### WHAT NEEDS TO BE DONE
When copying the data below, keep only the lines from the one with "Mega Pixel - Letter M Logo" through the one with "knepp-castle-boho-outdoor-wedding-81.jpg", word for word, and skip the pictures.

━━ EXERCISE DATA ━━

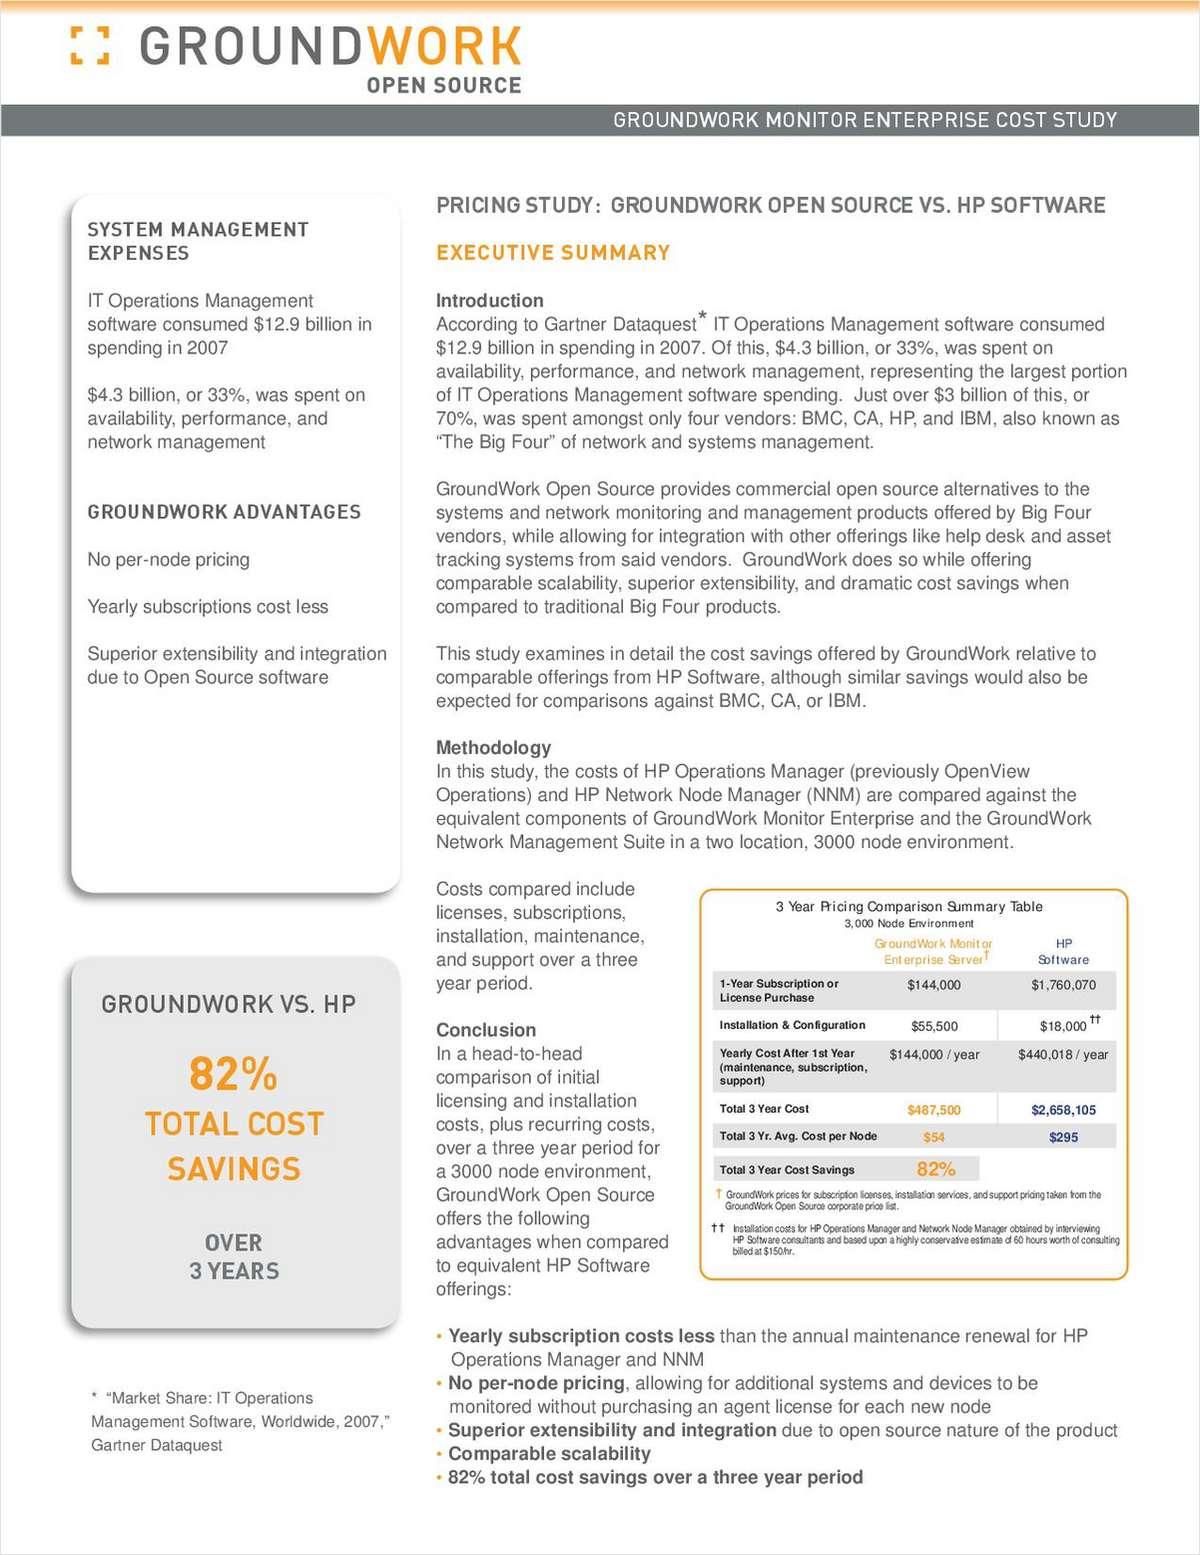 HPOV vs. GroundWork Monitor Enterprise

━━━
━━ EXERCISE DATA ━━

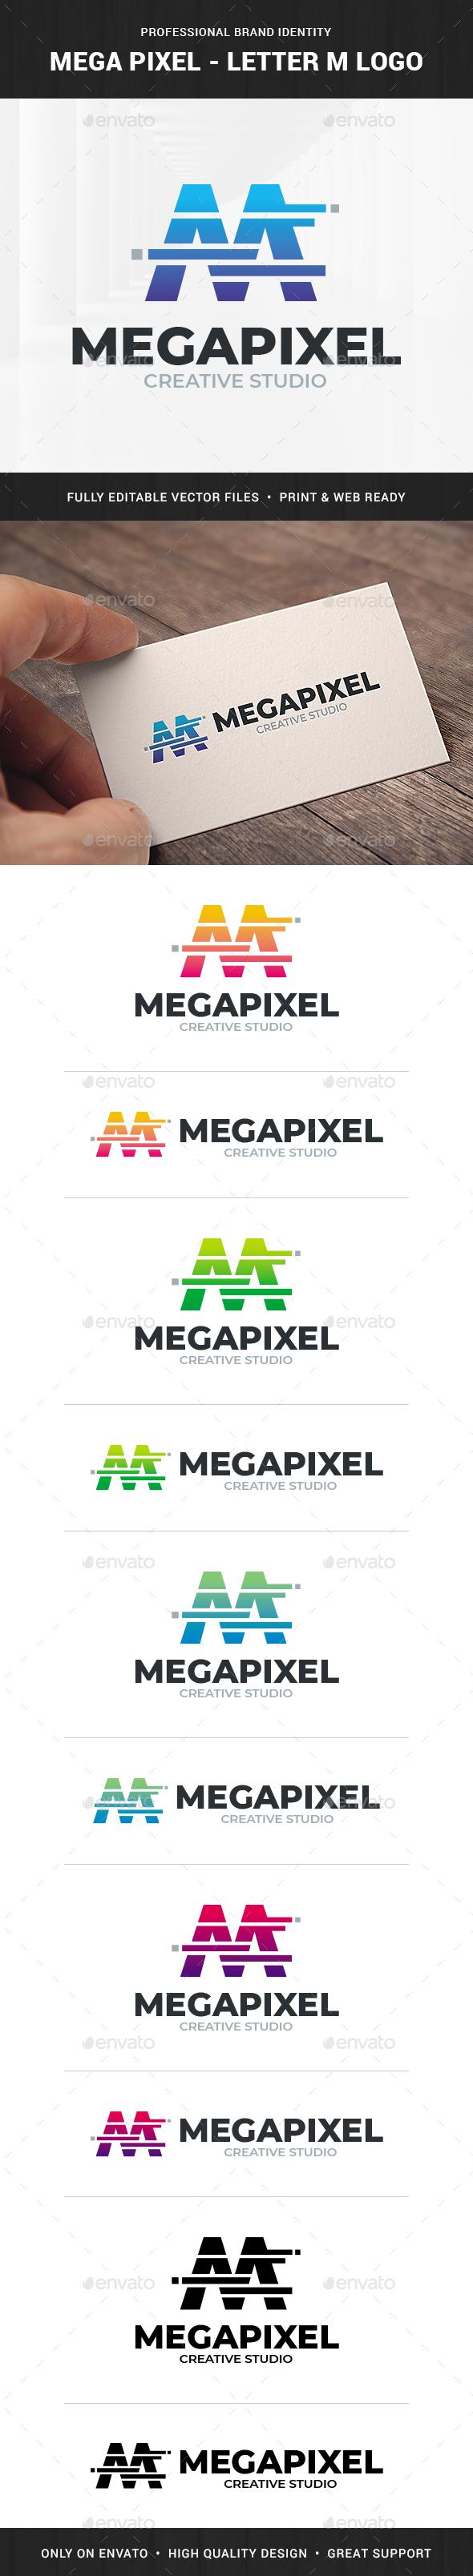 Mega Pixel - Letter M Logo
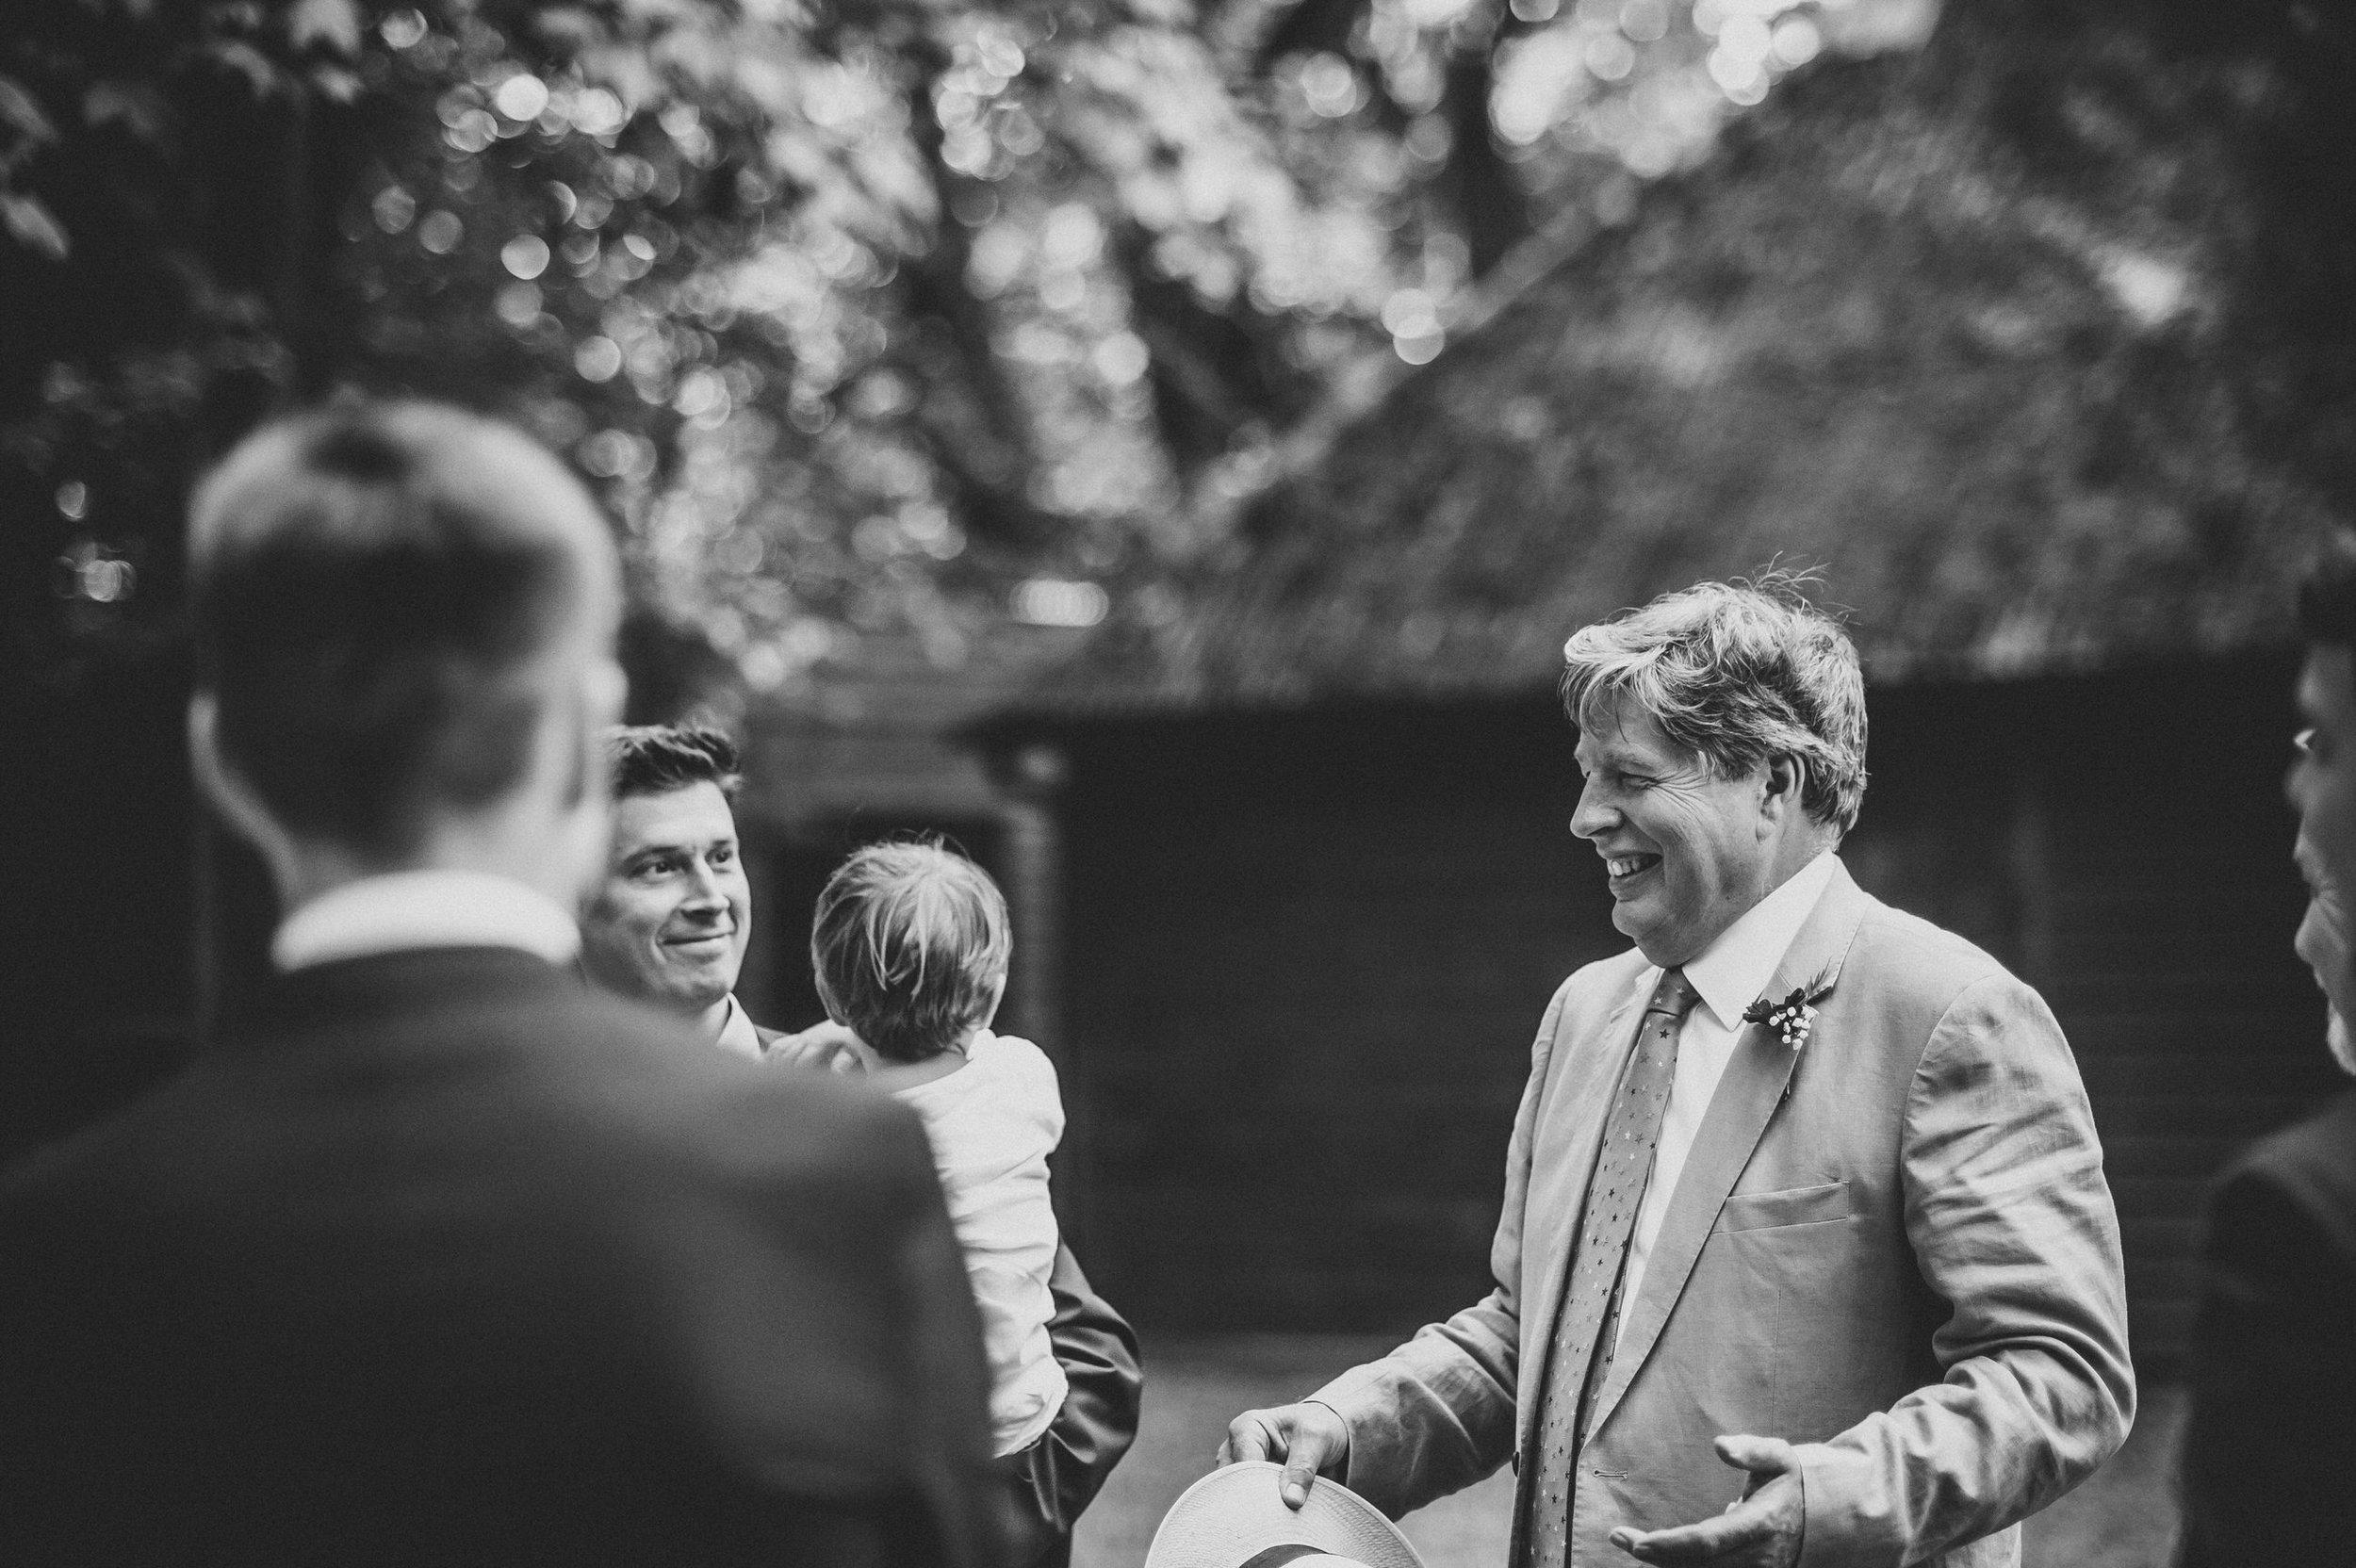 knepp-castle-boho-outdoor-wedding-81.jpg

━━━

### WRITTEN SOLUTION
 Mega Pixel - Letter M Logo
 knepp-castle-boho-outdoor-wedding-81.jpg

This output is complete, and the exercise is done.